EDITORIAL: Institute of Policy Reforms (IPR), a think tank headed by Humayun Akhtar Khan, a member of Pakistan Tehrik-i-Insaaf since 14 July 2018, has presented a damning report on the state of the economy and noted that while the current account deficit is under control at present yet “the respite is precarious and likely short lived. To all appearances the economy would stay in its present state of low growth, low exports, and close to default. What that leads to would depend on the policymakers.” The most critical problem, the report argues, is the repayment and servicing of external debt.
This newspaper has repeatedly urged the government to check not only its rising reliance on external debt irrespective of cost, including Sukuk/Eurobonds issued at rates three times the market rate, but also the rise in domestic debt. As per data presented by the government to the standing committee on finance, the Khan administration was compelled to borrow 17 billion dollars to repay loans incurred by previous administrations but acknowledged that 5 billion dollars was borrowed to meet expenditure during its own tenure.

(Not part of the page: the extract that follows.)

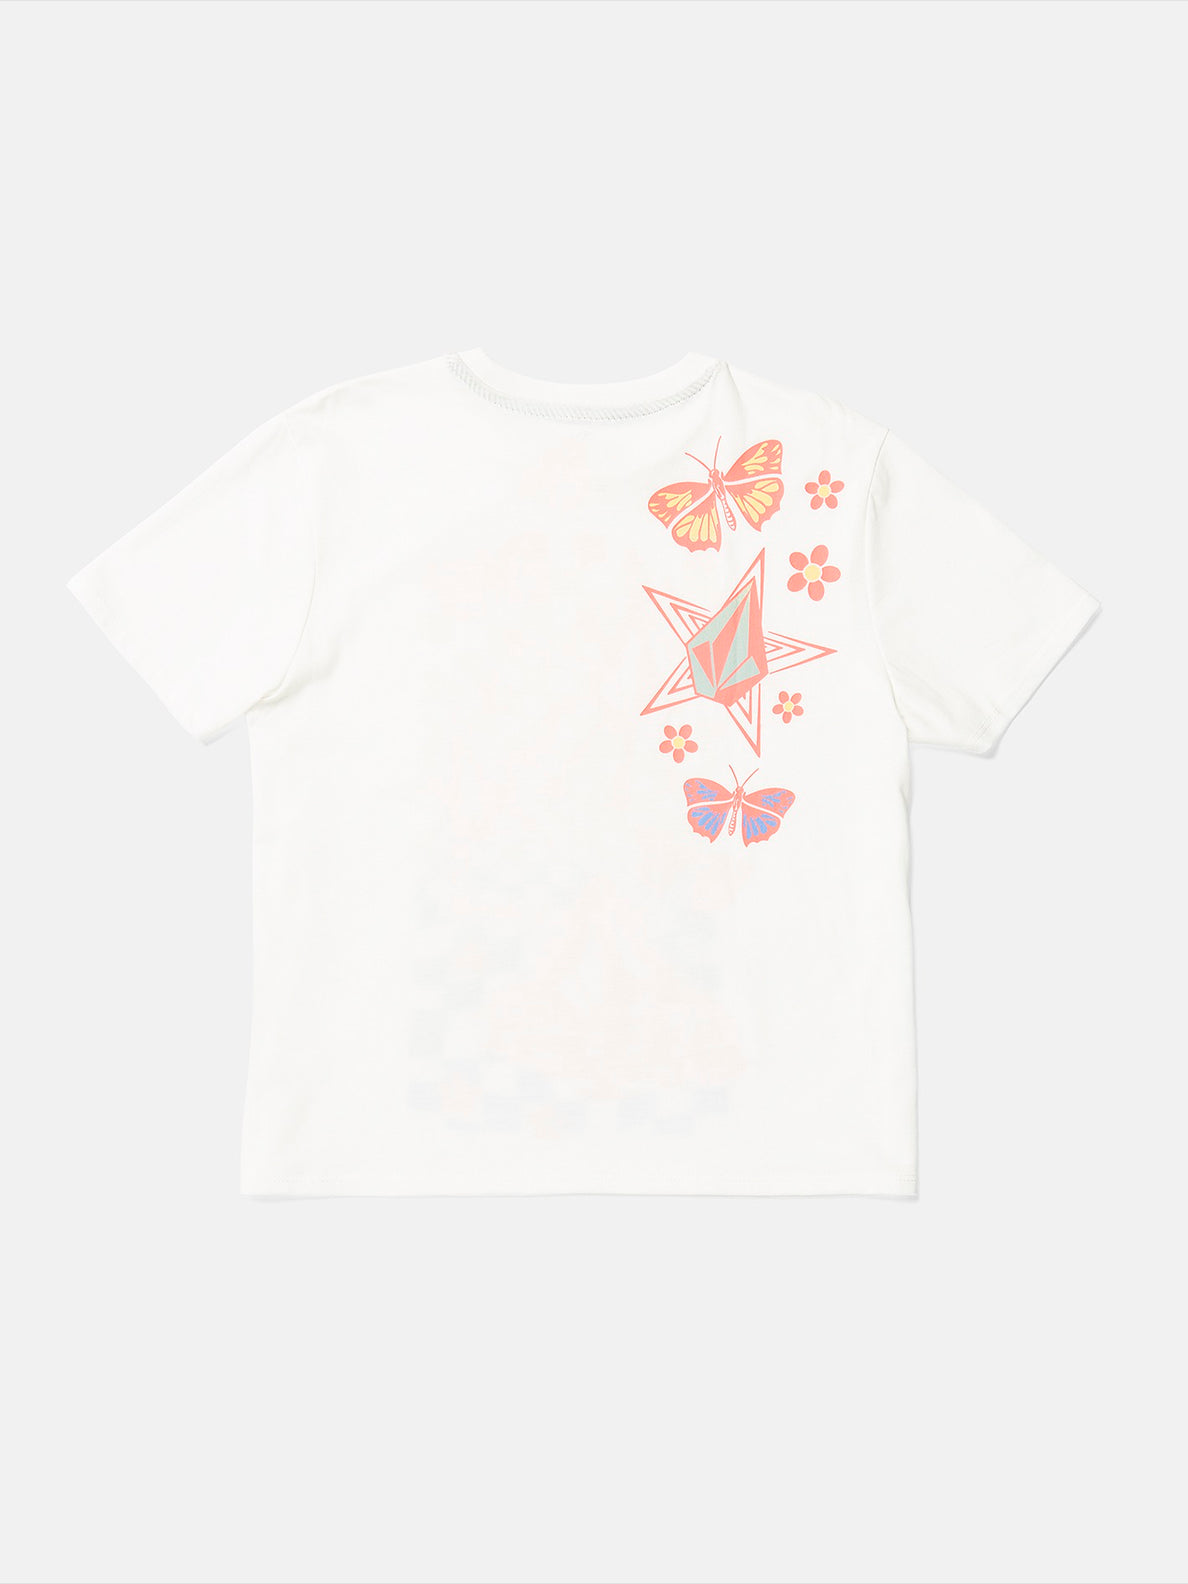 Truly Stoked Bf Tee - Star White

Project-specific financing has been limited to around 215 billion rupees on average per annum for the last two years while the remaining over 2.18 trillion rupees external borrowing in the revised estimates of last year was utilized for budgetary support – a concern highlighted by the IPR which noted that during the 1990s 7.7 percent of total loans were used for budget support/balance of payment (BoP) support while during the last two fiscal years 70 percent of all foreign loans were so used. This should be the focus of attention of the newly-appointed Finance Minister Shaukat Tarin who has already gone on record to state that the Public Sector Development Programme (project-specific) must be strengthened in the next budget, which has traditionally played a lead role in raising the growth rate.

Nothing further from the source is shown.